At this point, your object is ready to start transcribing audio from the microphone. You need to handle some events though, in order to actually get access to the results.

Step 2: Handling the SpeechRecognitionEngine Events

_speechRecognitionEngine.SpeechRecognized -= new EventHandler(SpeechRecognized);
_speechRecognitionEngine.SpeechHypothesized -= new EventHandler(SpeechHypothesizing);_speechRecognitionEngine.SpeechRecognized += new EventHandler(SpeechRecognized);
_speechRecognitionEngine.SpeechHypothesized += new EventHandler(SpeechHypothesizing);

private void SpeechHypothesizing(object sender, SpeechHypothesizedEventArgs e)
{
///real-time results from the engine
     string realTimeResults = e.Result.Text;
}

private void SpeechRecognized(object sender, SpeechRecognizedEventArgs e)
{
///final answer from the engine
     string finalAnswer = e.Result.Text;
}

That’s it. If you want to use a pre-recorded .wav file instead of a microphone, you would use _speechRecognitionEngine.SetInputToWaveFile(pathToTargetWavFile); instead of _speechRecognitionEngine.SetInputToDefaultAudioDevice();.
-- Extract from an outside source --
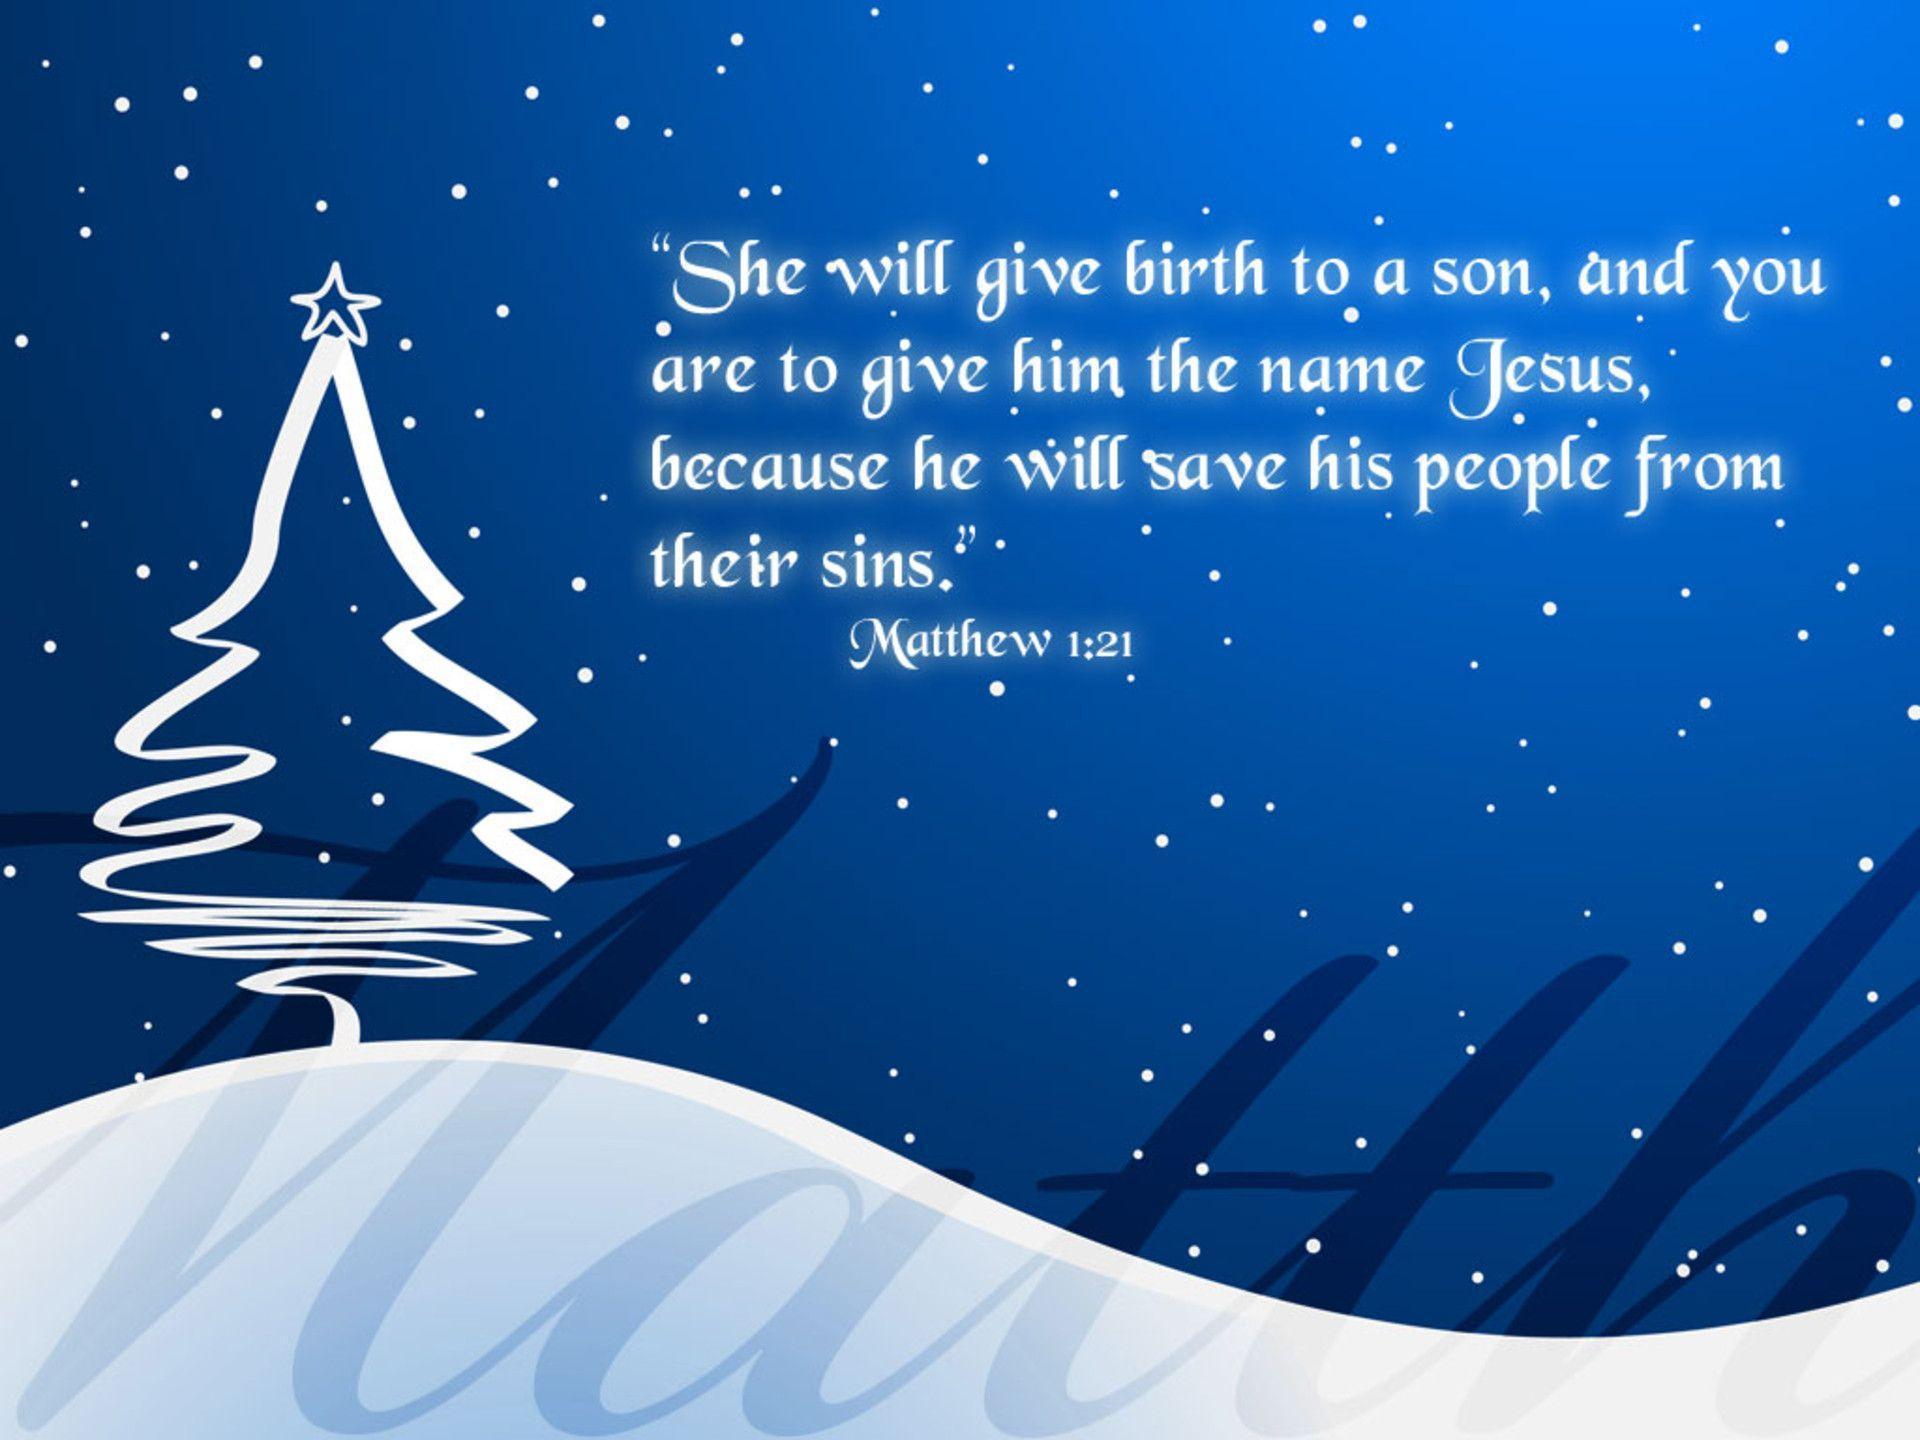 Christian Christmas Wallpapers - Wallpaper Cave

There are a bunch of different options in these classes and they are worth exploring in more detail. This covers the bare essentials for a prototype.

25 thoughts on “Converting or Transcribing audio to text using C# and .NET System.Speech”

Nick April 28, 2012 at 2:21 AM

Reply

Awesome! I was looking for exactly this and having the code project with it made it even sweeter! Have you planned on doing anything more with the speech recognition? I’m just starting out using it and C# for that matter (coming from Java) for home automation. Would be interested in any other projects related to speech recognition. Thanks again!
1. admin May 6, 2012 at 8:09 PM
  
  Reply
  
  Hey Nicholas,
  
  I really do not have any more plans for working with speech recognition. I found the Microsoft solution and a Google solution. I would like to get my hands on the Dragon NaturallySpeaking SDK and see how good that is, but I have no plans in the immediate future for working on it.
  
  Good luck with your home automation and thanks for responding to my blog!
2. 1. Maham July 5, 2014 at 12:29 PM
    
    Reply
    
    hi Micheal, thanks for help, nowadays i am working on Speech Recognition project , in which i have to convert video files into text, here i have tried to convert audio file( .mp3 ) into text through your code but its not properly working , so please do u tell me the code so i can proceed trough my work. please reply as soon as possible.
  2. 1. Lalmuhammad May 27, 2017 at 9:07 PM
      
      Reply
      
      i am working on Speech Recognition project , in which i have to convert video or audio files into text,if you done this workplz send me the code or project
      email ::kanlalmuhammad@yahoo.com
    2. Sudarshan jha April 20, 2022 at 5:08 AM
      
      Reply
      
      hey maham can u plz do hindi speech recognition which read hindi audio as a hindi text file…if u can do it plz sent me the code at sudarshanjha11781@gmail.com
  3. Sudarshan jha April 20, 2022 at 5:05 AM
    
    Reply
    
    hey admin can u plz do speech recognition in hindi which read as a text file in hindi……plz do it if u can…
3. Samia July 5, 2014 at 12:39 PM
  
  Reply
  
  Hey can you please send me the code , i have also looking for this audio to text conversion in C# visual studio.. i have tried above code. but i getting through so many errors, so please help, will b very grateful to you
4. 1. Lalmuhammad May 27, 2017 at 9:08 PM
    
    Reply
    
    am working on Speech Recognition project , in which i have to convert video or audio files into text,if you done this workplz send me the code or project
    email ::kanlalmuhammad@yahoo.com
    if u done thiswork send it to me
chandan May 18, 2012 at 8:11 PM

Reply

Hey can you guide to build and debug this project.
Jean-Philippe Encausse September 25, 2012 at 11:48 AM

Reply

Hi,

Any ideas on how to handle wildcard/garbage from XML grammar ?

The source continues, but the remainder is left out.